1. Think Seasonally: Before you book, check the weather. Traveling in your preferred destination’s “low season” — that is, when weather and travel conditions aren’t perfect — can save lots of money. Think Miami in July when scorching temperatures take over, Ireland in February when it’s more likely to rain, or the Riviera Maya in September during hurricane season. These are the moments when flights and lodging hit rock bottom, the tourist throngs shrink to nothing, and you can explore and enjoy a destination without having to rush for reservations. Of course, there’s a trade-off; you may very well see your getaway disturbed by less-than-perfect weather. If this is too much risk, think about booking in shoulder season — the periods surrounding low season when the likelihood of bad weather subsides a bit. You’ll still find great value here, even if prices aren’t as dirt cheap as in low season. For more on when and how to visit popular destinations for the best value, check out our Sweet Spot columns.

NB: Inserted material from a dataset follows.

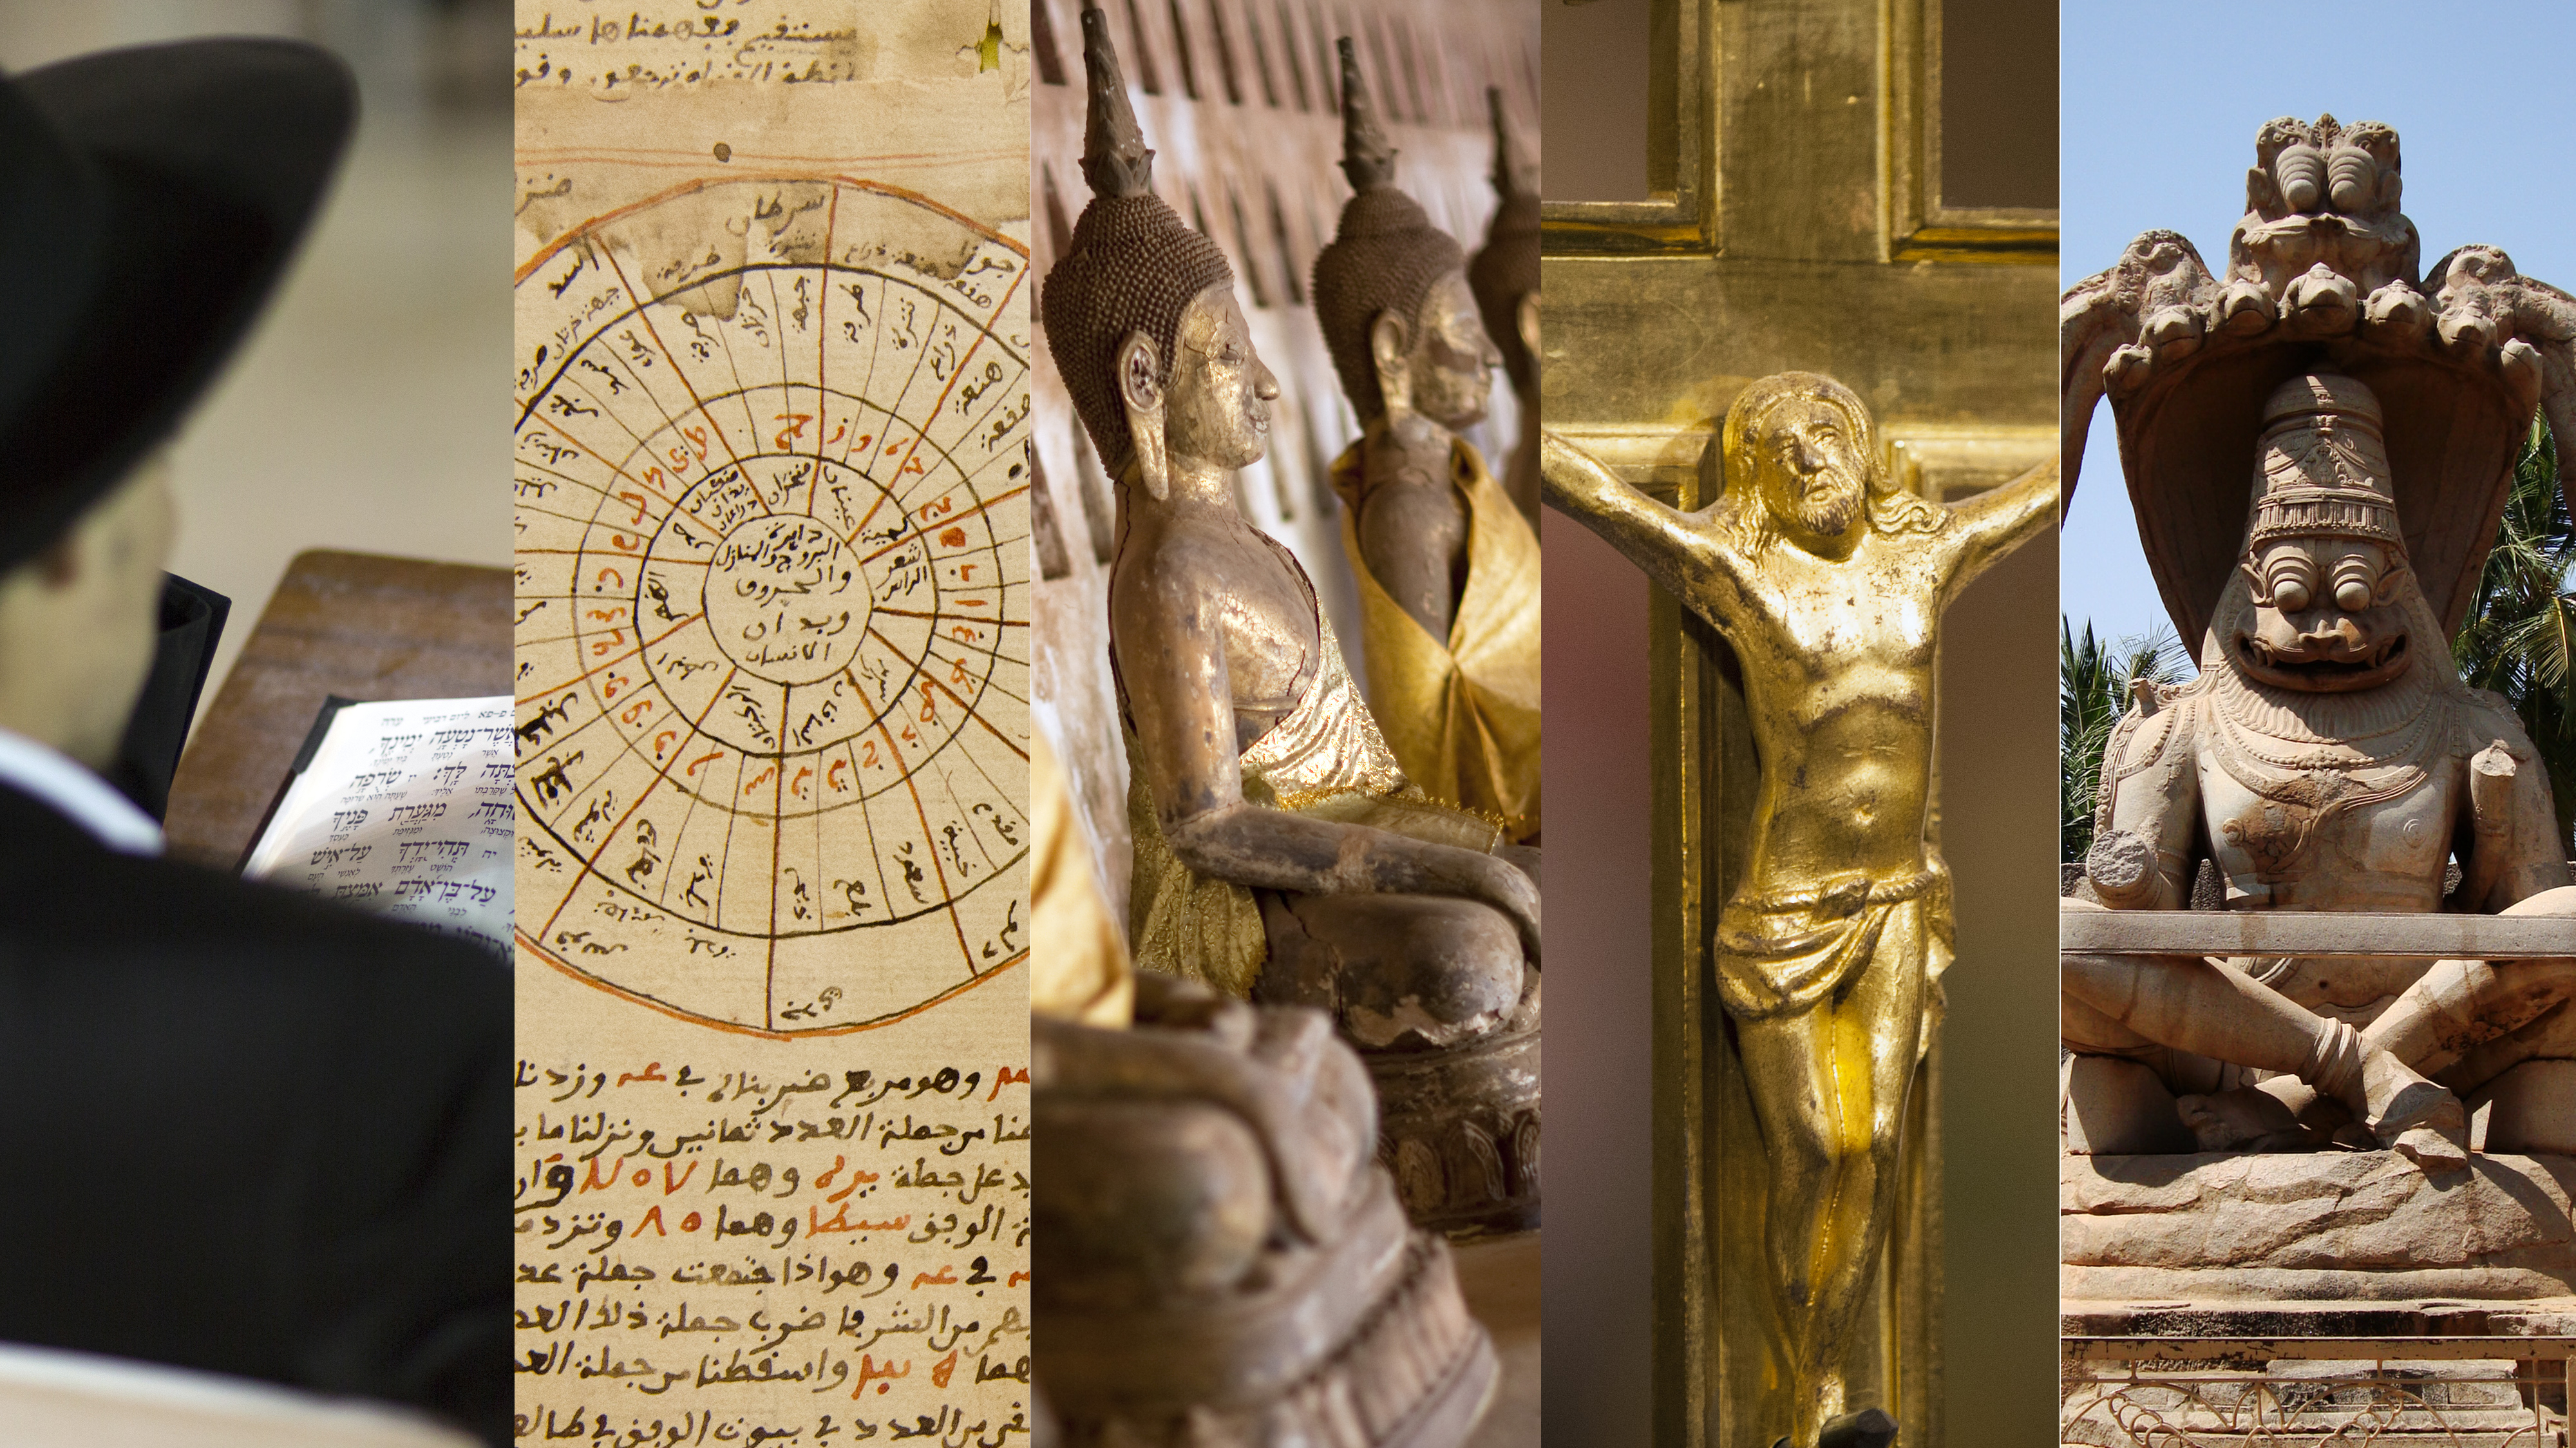 Weltreligionen: Judentum, Islam, Buddhismus, Christentum, Hinduismus

2. Stay and Fly During the Week: For many destinations, weekends are where it’s at. Hotels and flights fill up. Rental cars become scarce. This is especially true of destinations that cater specifically to weekend and day tripping guests — think U.S. beach and big-city destinations, Caribbean islands, and Europe destinations that are within easy reach of the East Coast, like Iceland and London. If you can go against the grain and stay or fly on a Monday or Tuesday, you’re likely to save. Note that destinations saturated with business travelers during the week — like Washington, D.C. — can often get cheaper on weekends when those folks clear out. This can also be true of business-centric areas within a big city, like in NYC’s Financial District.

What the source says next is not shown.